= Special needs plan =

US healthcare plan

A special needs plan (or SNP, often pronounced "snip") is a category of the US Medicare Advantage plan designed to attract and enroll Medicare beneficiaries who fall into a certain special needs demographic. There are two types of SNPs. The exclusive SNP enrolls only those beneficiaries who fall into the special needs demographic. The other type is the disproportionate share SNP. "Disproportionate share" SNPs enroll a greater percentage of the target special needs population as compared to a national percentage of the target population. Under the federal Medicare Prescription Drug, Improvement, and Modernization Act of 2003, Congress identified special needs individuals" as (1) institutionalized, or (2) dually eligible, or (3) individuals with severe or disabling chronic conditions.
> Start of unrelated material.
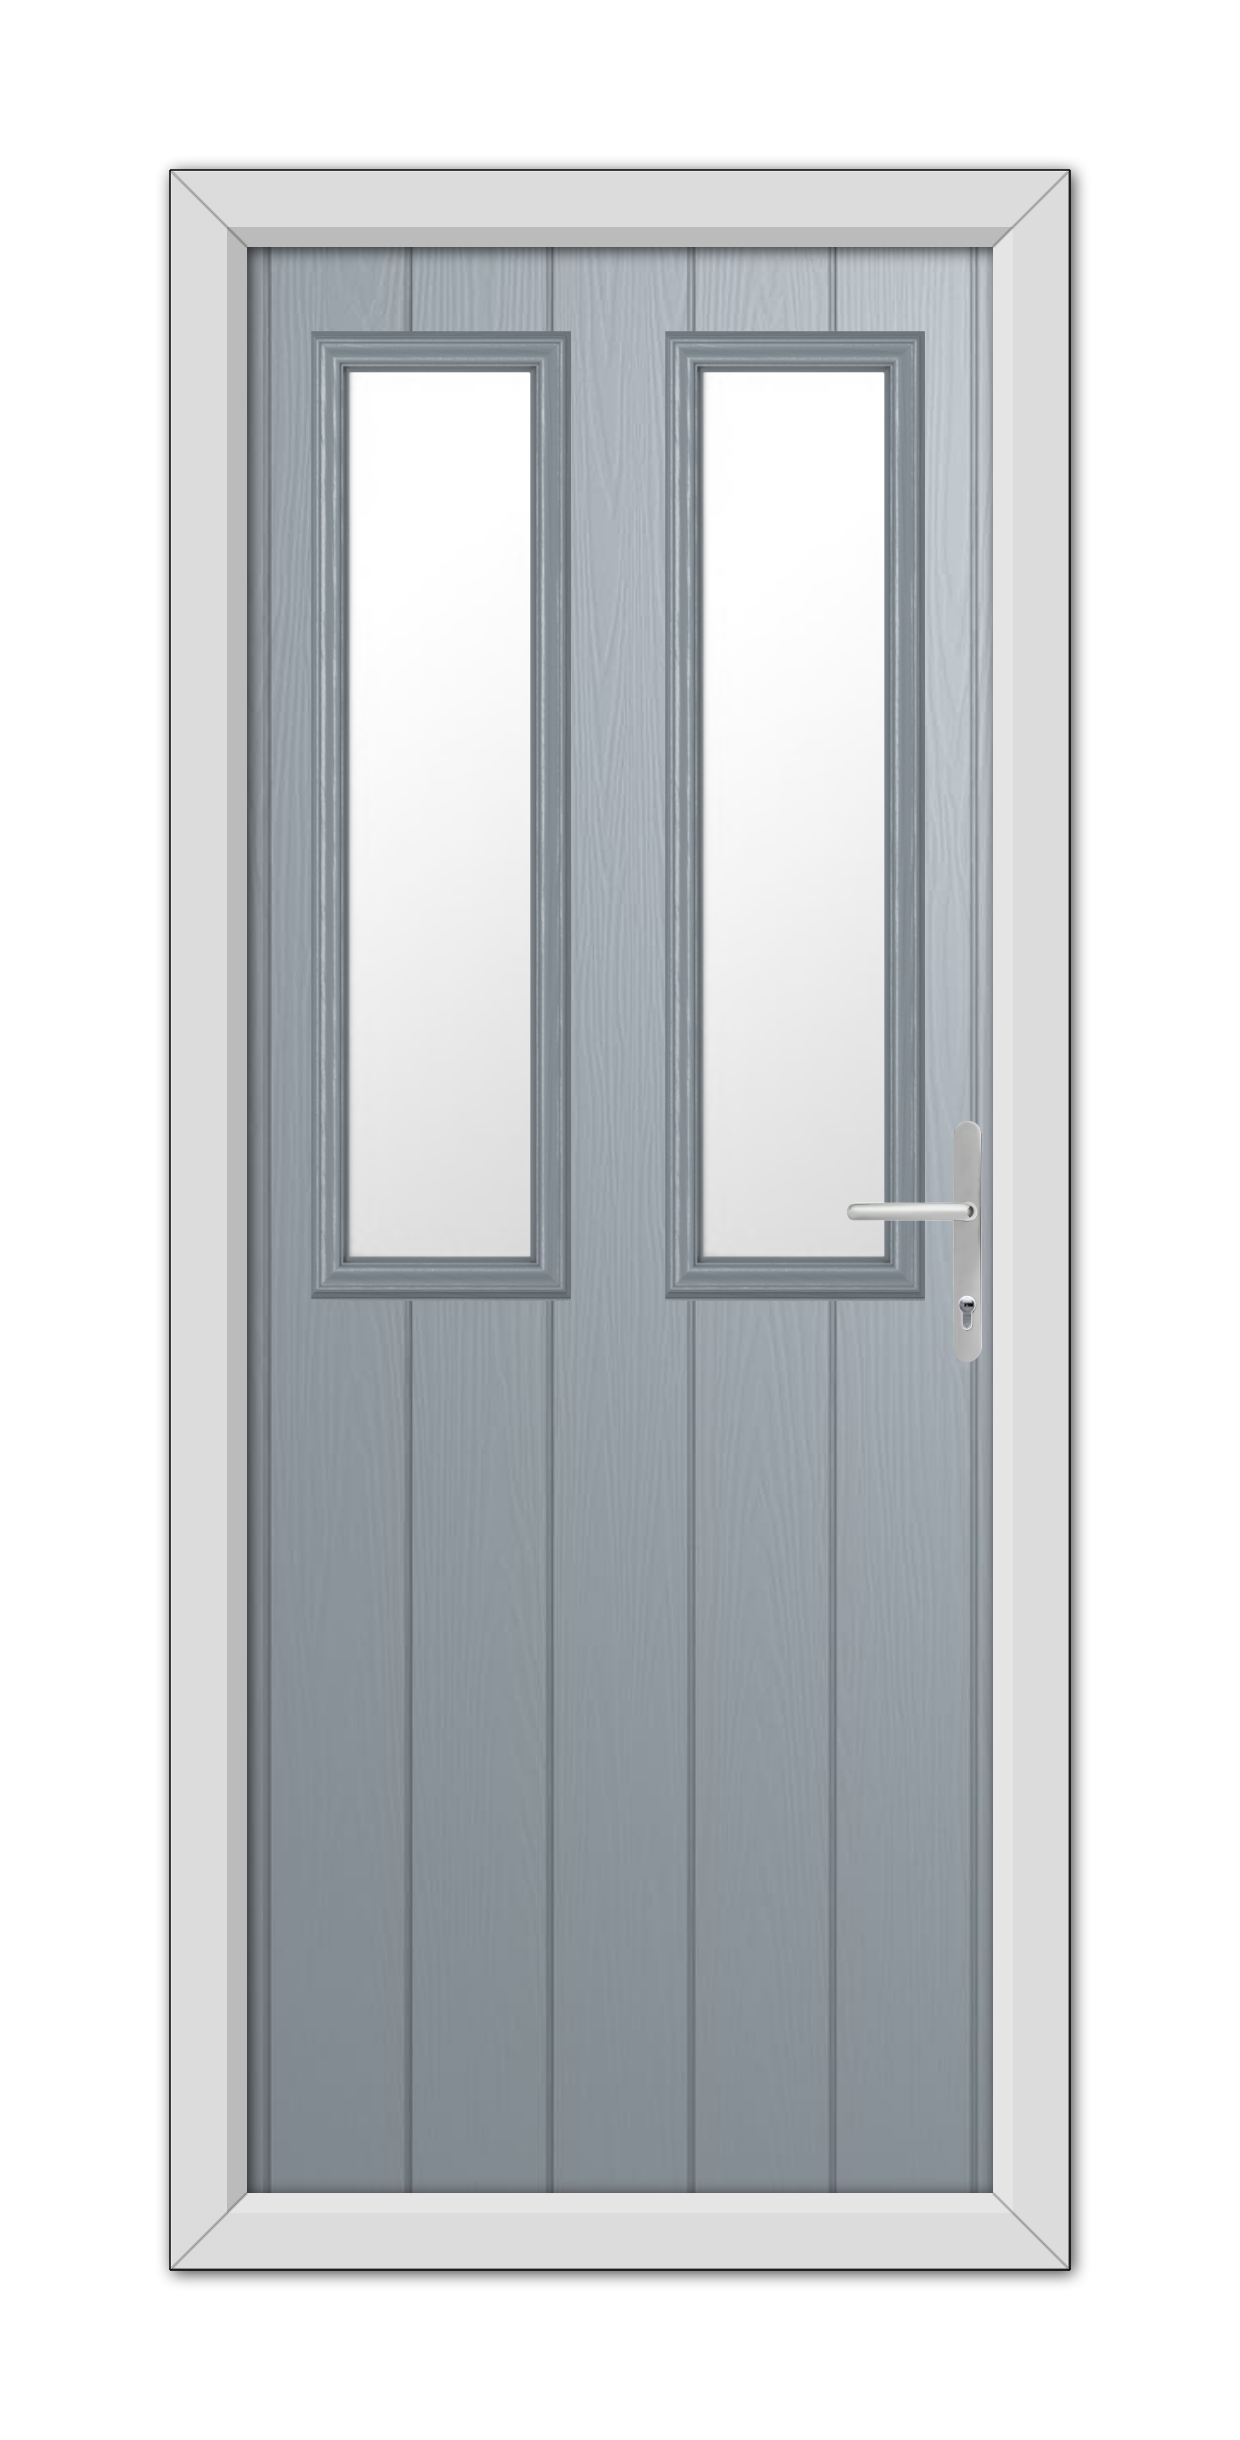 French Grey Wellington Composite Door 48mm Timber Core with a long rectangular glass windows, featuring a modern handle on the right side.

More specifically, special needs individuals include:

- Institutionalized beneficiaries, defined as those who reside or are expected to reside for 90 days or longer in a long-term care facility (defined as either: skilled nursing facility (SNF)/NF, ICF or inpatient psychiatric facility), or those living in the community but requiring an equivalent level of care to those residing in a long-term care facility.
- Dually eligible beneficiaries, defined as individuals who are entitled to Medicare Part A and/or Part B and are eligible for some form of Medicaid benefit.
- Beneficiaries with chronic conditions, defined as individuals who have acquired one or more disabling chronic conditions, including, but not limited to: cardiovascular disease, diabetes, congestive heart failure, osteoarthritis, mental disorders, ESRD, and HIV/AIDS.